Working with quantities

Quantity pairs a value with a unit and lets you do dimensional arithmetic:

use ucum::Quantity;

let speed = Quantity::new(100.0, "km").div(&Quantity::new(2.0, "h"));
println!("{}", speed.is_comparable("m/s").unwrap()); // => true

let in_ms = speed.convert_to("m/s").unwrap();
println!("{}", in_ms.value);                         // => 13.888888888888889

Case-insensitive mode

UCUM has a case-sensitive form (c/s, the default for data interchange) and a case-insensitive form (c/i). The free functions use c/s; for c/i, reach for the Ucum facade:

use ucum::Ucum;

let ci = Ucum::case_insensitive();
println!("{}", ci.validate("MOL").is_ok());          // => true (mole)
println!("{}", ci.convert(1.0, "M", "CM").unwrap()); // => 100.0

Dimensions

A dimension is what a unit measures, stripped of the particular unit you chose. A meter and a foot are different units but the same dimension: length. Meters-per-second and miles-per-hour are both length ÷ time. Capturing this is what lets the crate tell you that kg/m3 and mg/dL are comparable (both are mass ÷ volume) while kg and m are not.
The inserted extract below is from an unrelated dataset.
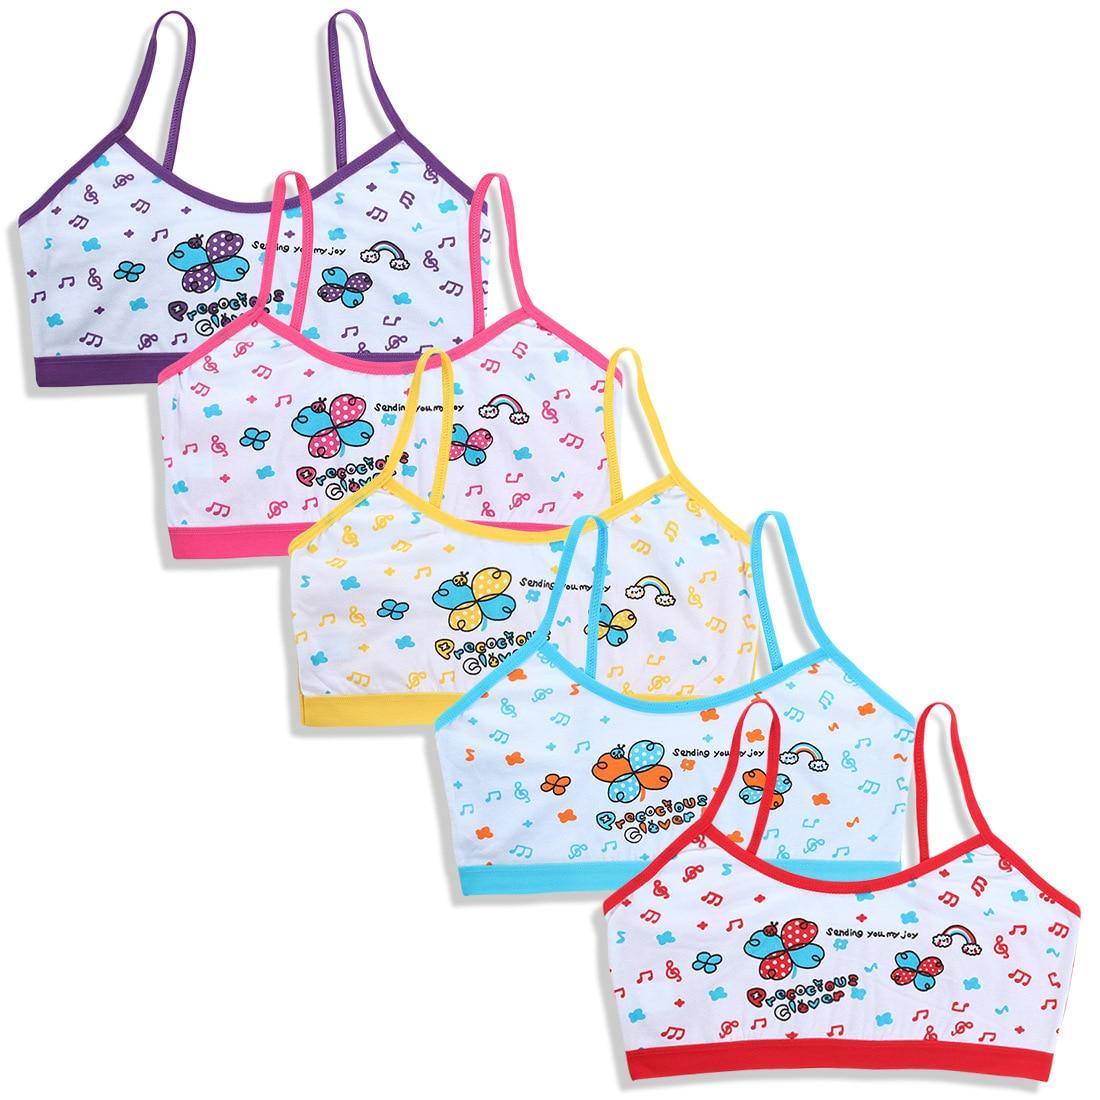 4Pc/Lot Teenager Tank Top For Girls Cotton Underwear Model Cartoon Kids Singlets Children Camisole Baby Bras Undershirt 1
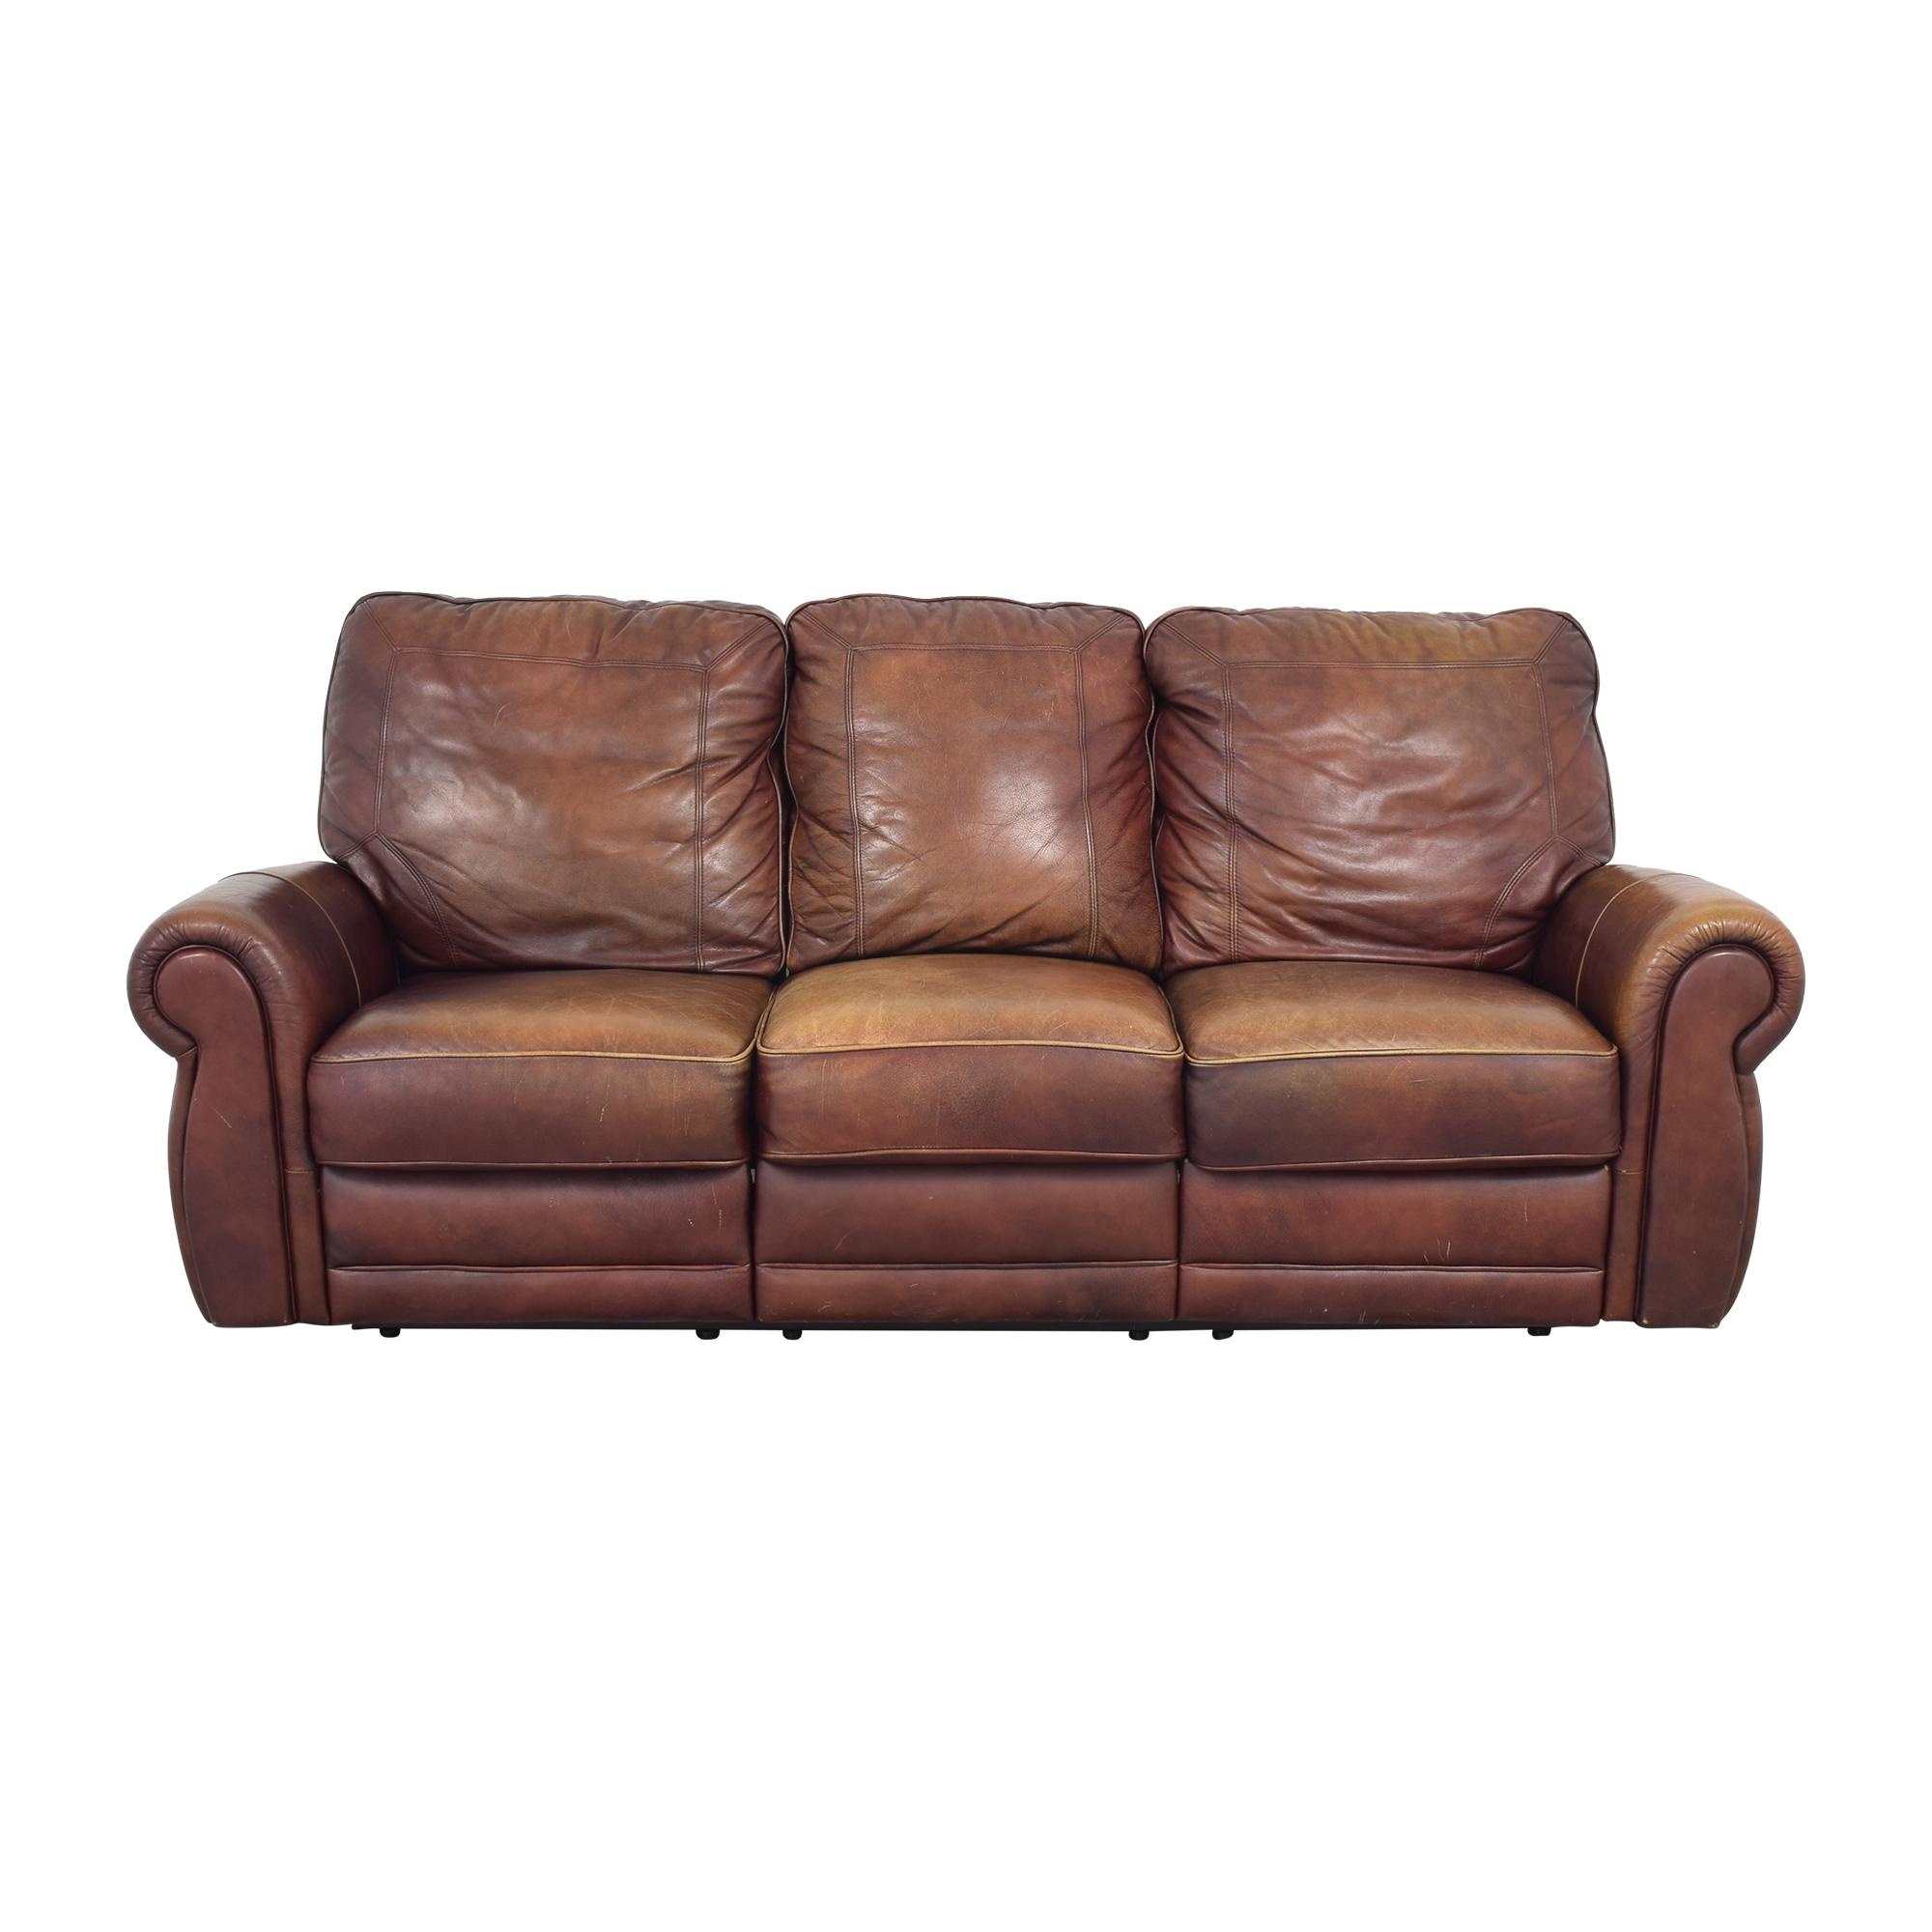 buy  Three Cushion Reclining Sofa online

UCUM expresses every dimension as a combination of seven base quantities. Dimension records how many powers of each appear, as a fixed exponent vector [i8; 7]:

index quantity base unit example unit using it
0 length m m, [ft_i], km
1 time s s, min, h
2 mass g g, kg, [lb_av]
3 plane angle rad rad, deg
4 temperature K K, Cel
5 electric charge C C, A.s
6 luminous intensity cd cd

So the vector reads off directly. A velocity is length¹·time⁻¹, i.e. the exponent 1 in slot 0 and -1 in slot 1:

use ucum::analyze;

// m/s is velocity: length per time.
println!("{:?}", analyze("m/s").unwrap().dimension);
// => Dimension([1, -1, 0, 0, 0, 0, 0])

// m³/s is volume flow rate.
println!("{:?}", analyze("m3/s").unwrap().dimension);
// => Dimension([3, -1, 0, 0, 0, 0, 0])

// A force (newton = kg·m/s²) is mass¹·length¹·time⁻². Both spellings reduce
// to the same vector, which is exactly why they're interchangeable.
println!("{:?}", analyze("kg.m/s2").unwrap().dimension); // => Dimension([1, -2, 1, 0, 0, 0, 0])
println!("{:?}", analyze("N").unwrap().dimension);       // => Dimension([1, -2, 1, 0, 0, 0, 0])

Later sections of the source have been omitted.